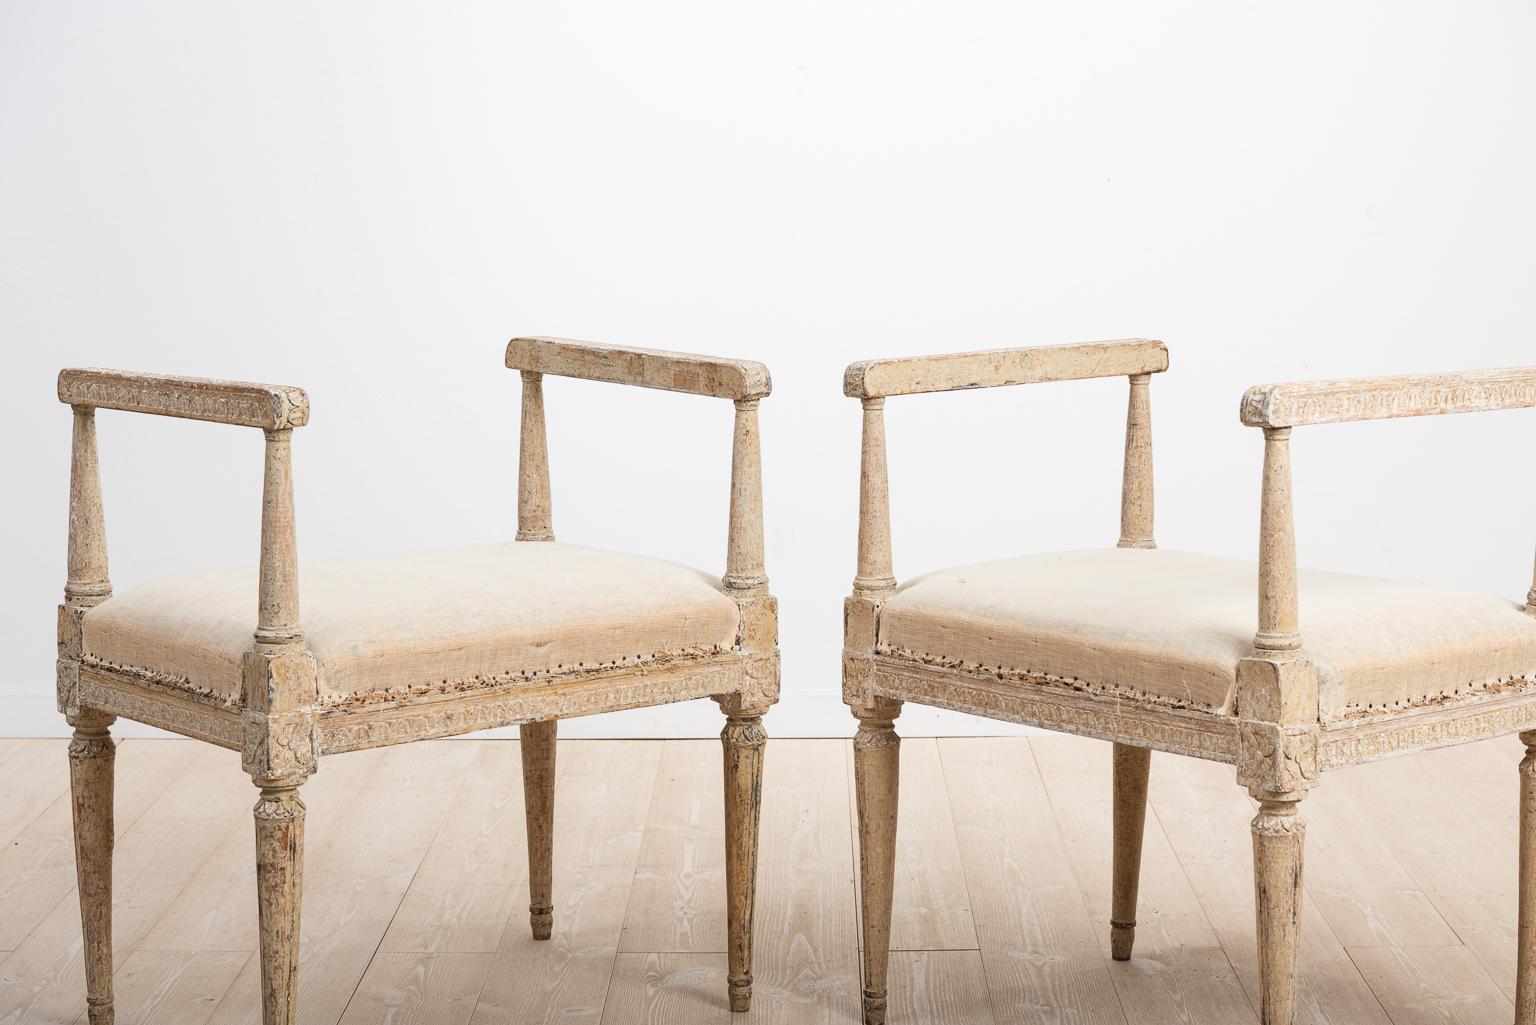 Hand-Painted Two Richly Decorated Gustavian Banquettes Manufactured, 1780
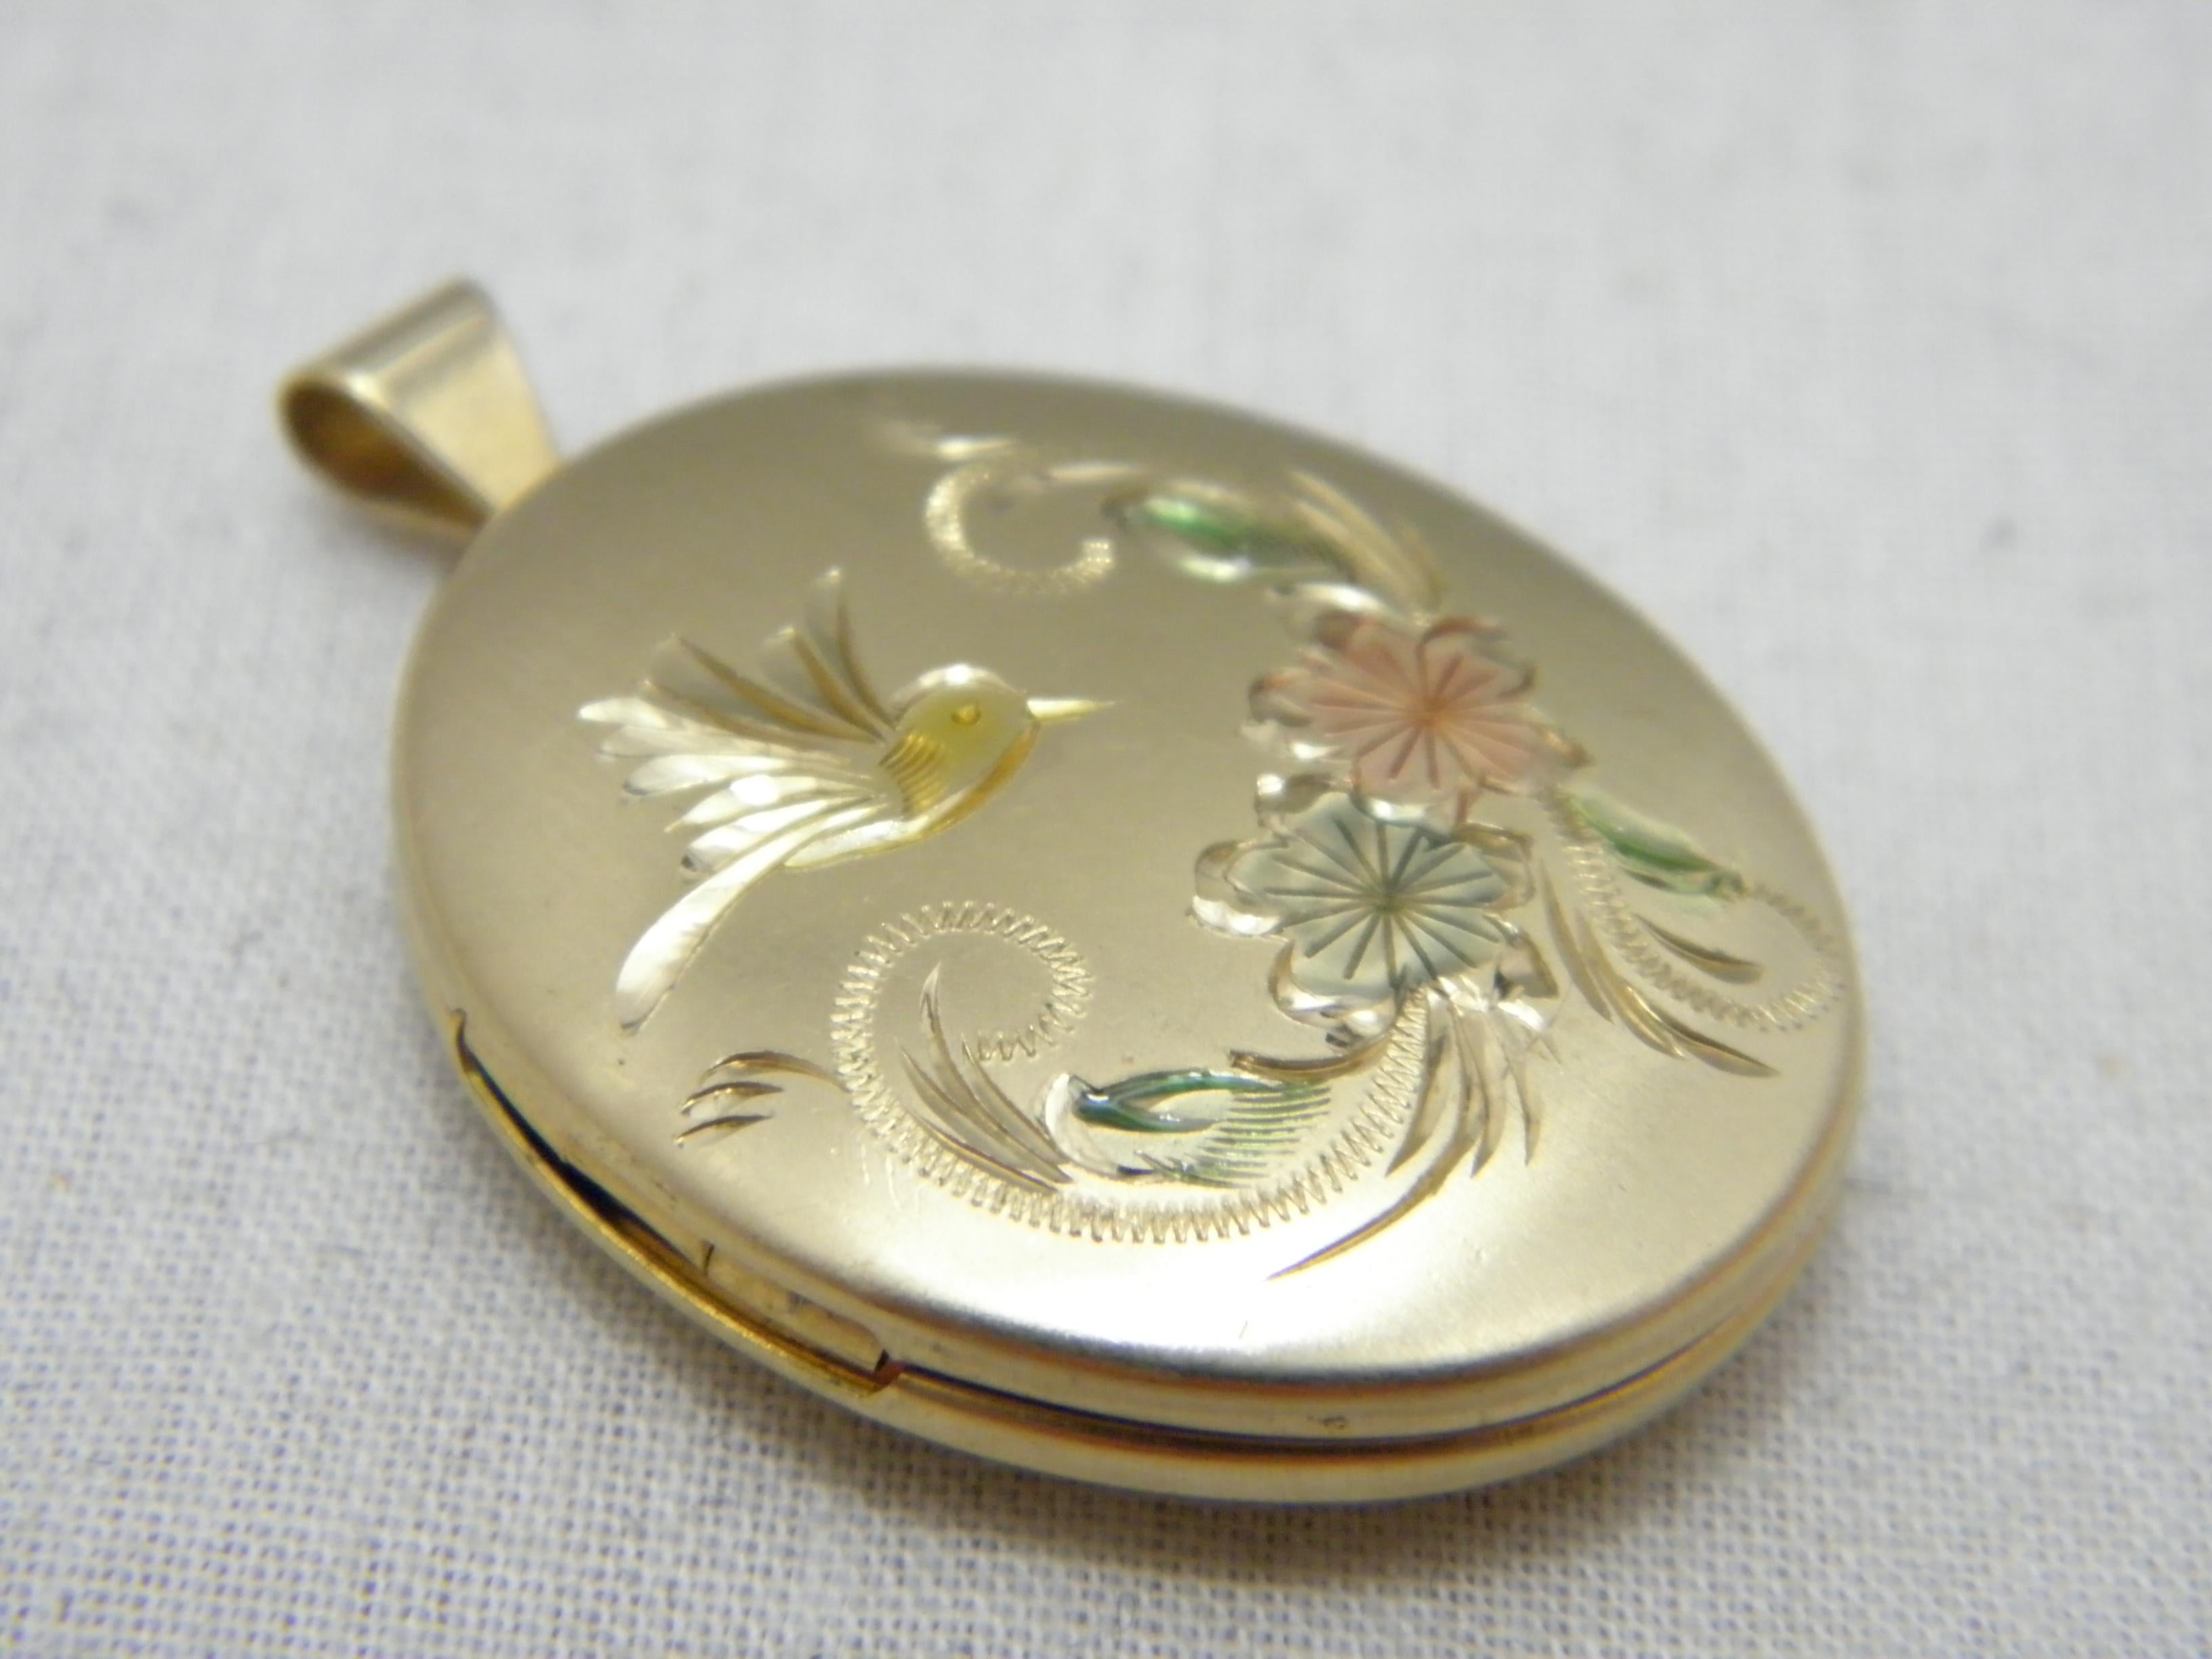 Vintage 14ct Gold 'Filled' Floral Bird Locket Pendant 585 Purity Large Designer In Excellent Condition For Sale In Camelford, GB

----

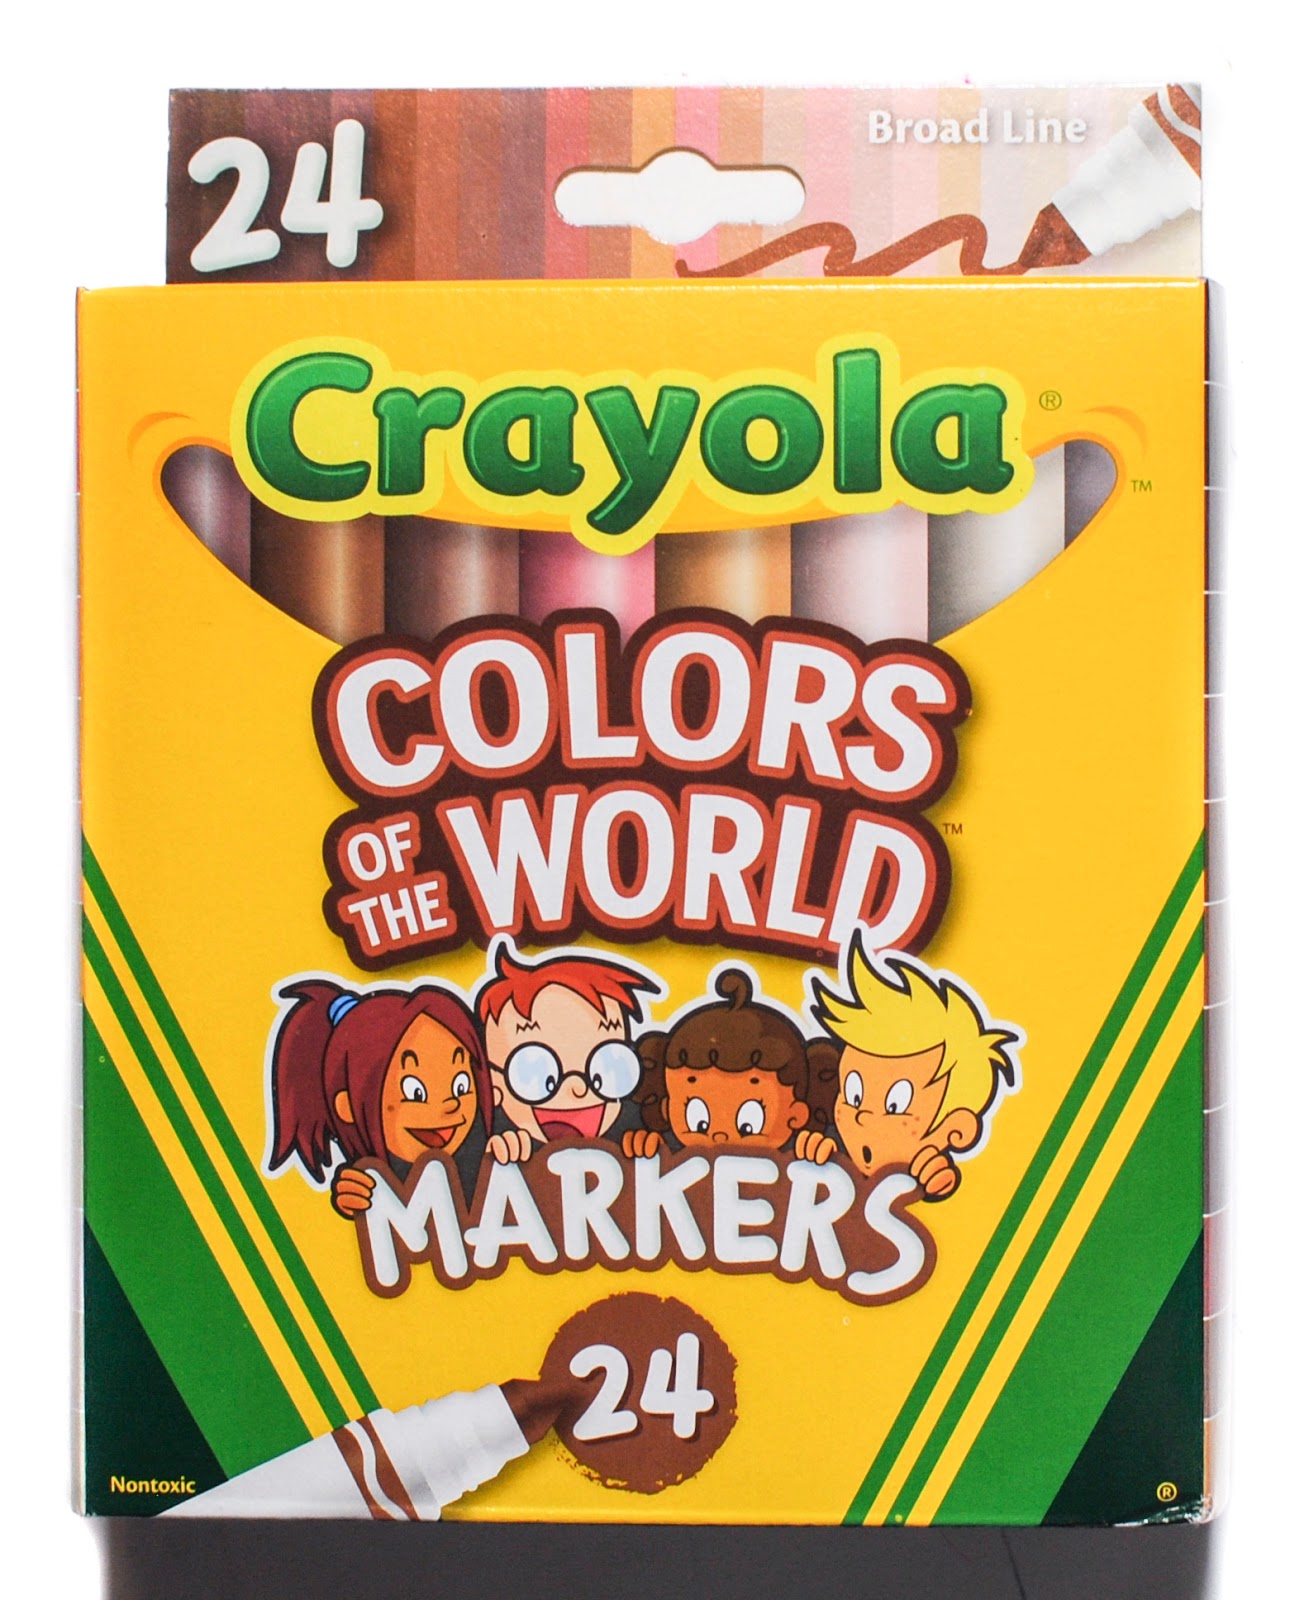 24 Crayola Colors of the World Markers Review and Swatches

----

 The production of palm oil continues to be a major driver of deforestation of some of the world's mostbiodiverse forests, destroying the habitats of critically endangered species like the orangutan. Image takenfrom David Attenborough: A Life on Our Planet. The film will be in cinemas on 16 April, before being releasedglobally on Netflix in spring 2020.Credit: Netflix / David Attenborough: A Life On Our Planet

----

*REQUIREMENT:*
Using the data above, transcribe exactly the lines between those containing "Hand-Painted Two Richly" and "Vintage 14ct Gold", inclusive, and leave every picture behind.

*EXERCISE RESPONSE:*
 Hand-Painted Two Richly Decorated Gustavian Banquettes Manufactured, 1780
 Vintage 14ct Gold 'Filled' Floral Bird Locket Pendant 585 Purity Large Designer In Excellent Condition For Sale In Camelford, GB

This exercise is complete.